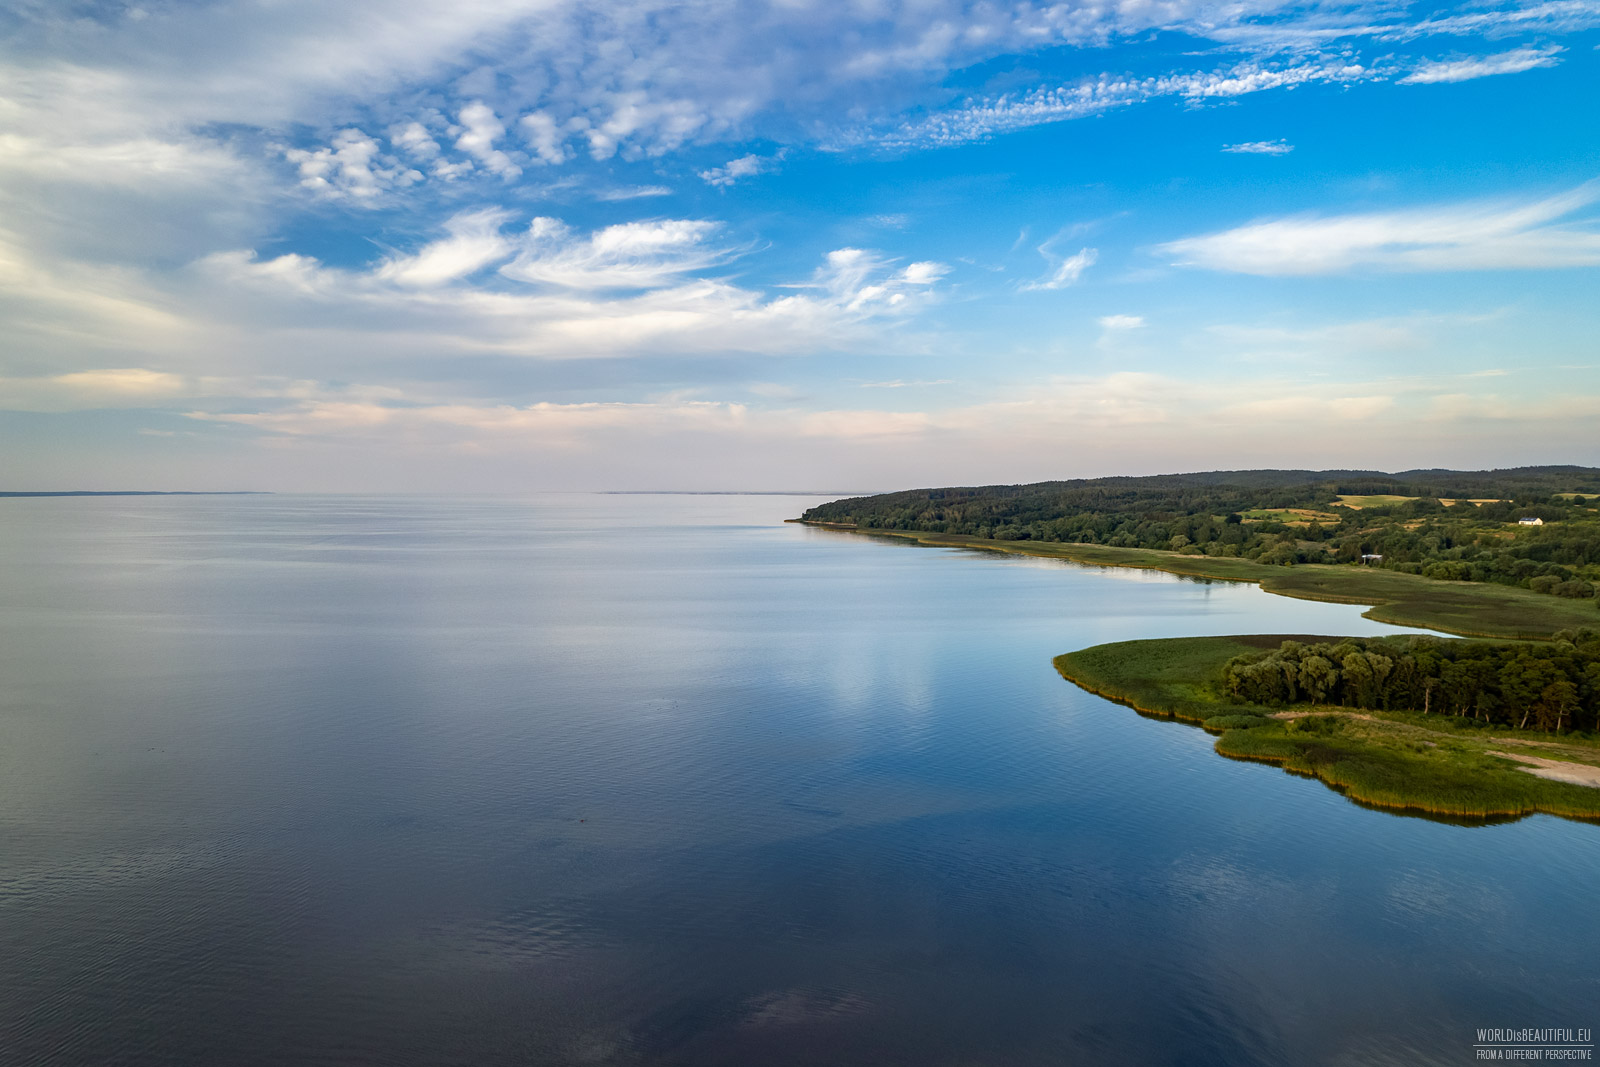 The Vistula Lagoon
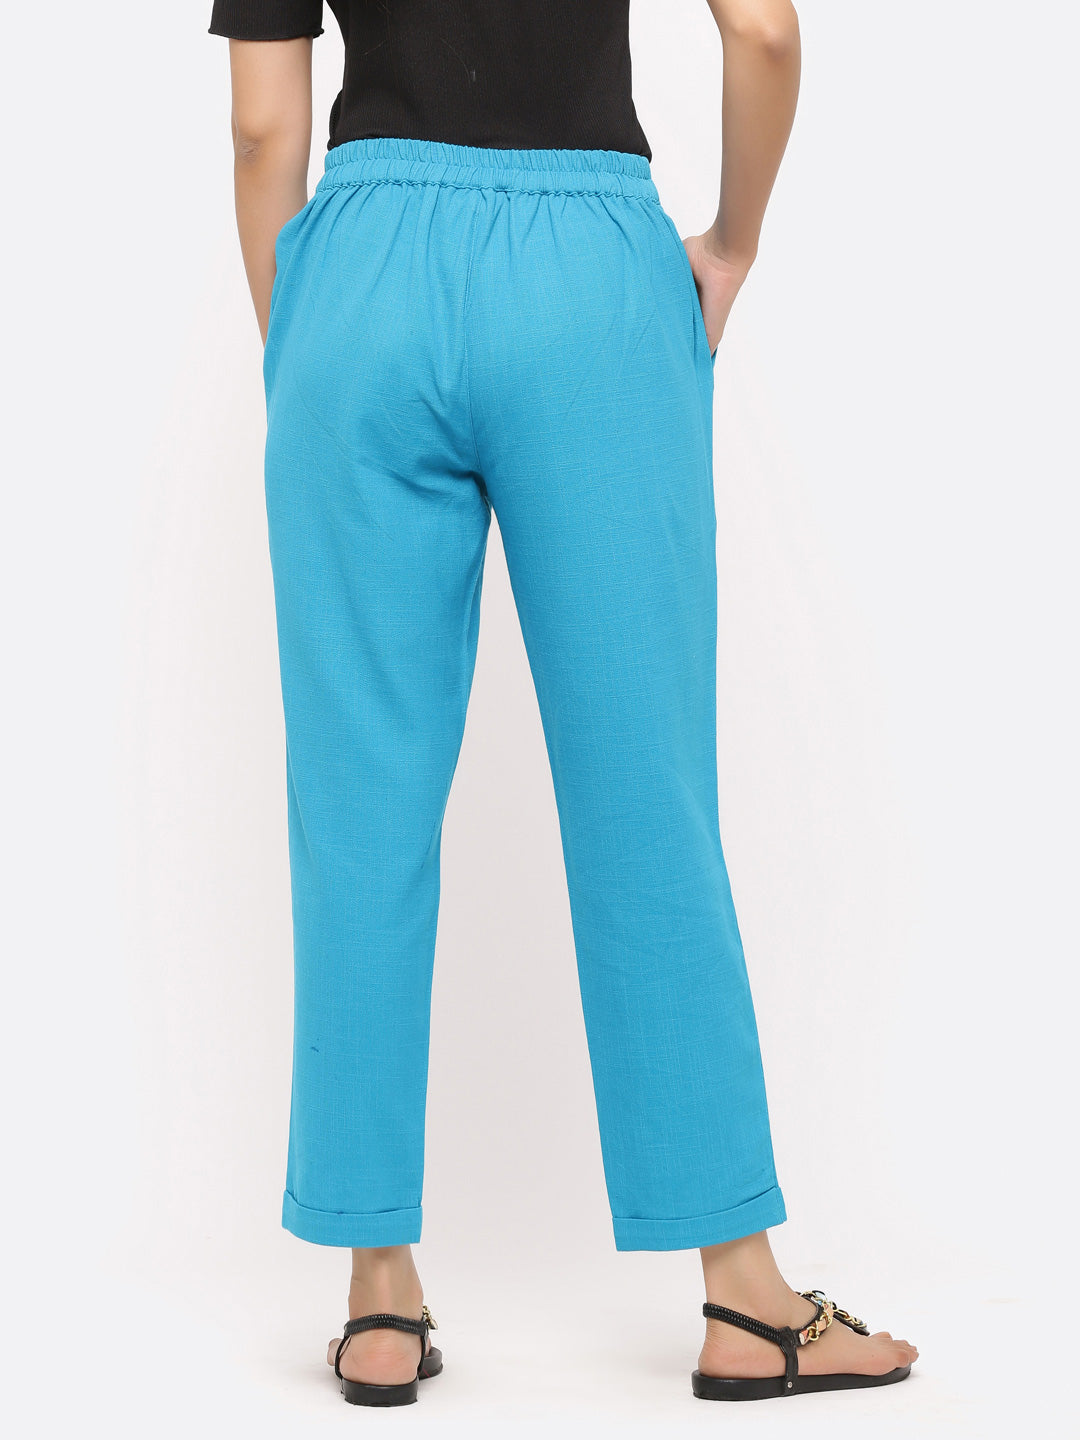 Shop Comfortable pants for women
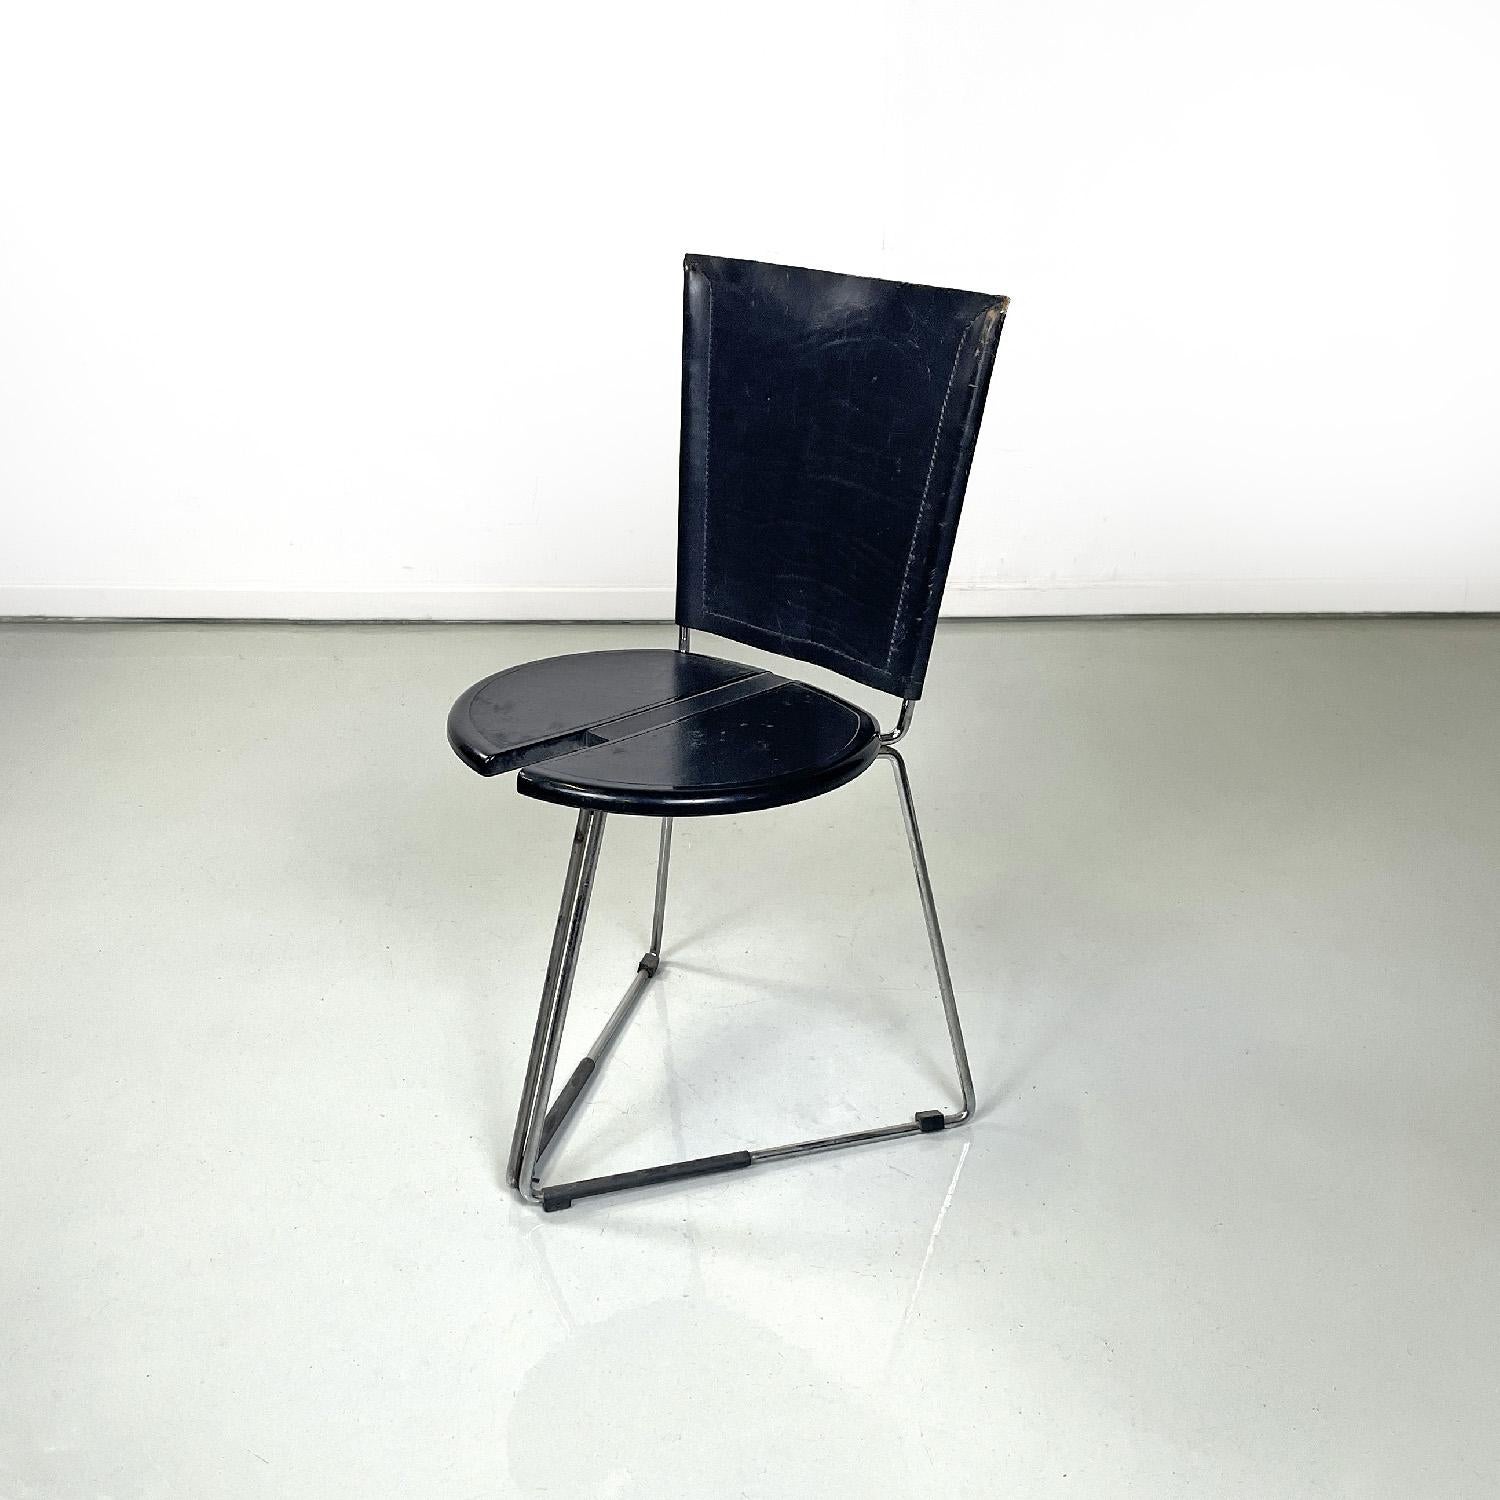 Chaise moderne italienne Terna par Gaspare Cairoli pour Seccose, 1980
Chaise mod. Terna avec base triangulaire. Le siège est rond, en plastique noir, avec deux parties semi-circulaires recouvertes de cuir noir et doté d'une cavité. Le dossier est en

• Problem to solve: All that is wanted is the run of lines from the start of the material through the line that holds "Chaise moderne italienne", retyped exactly, with no pictures.

• Result for this exercise:
 The Vistula Lagoon
 Shop Comfortable pants for women
 Chaise moderne italienne Terna par Gaspare Cairoli pour Seccose, 1980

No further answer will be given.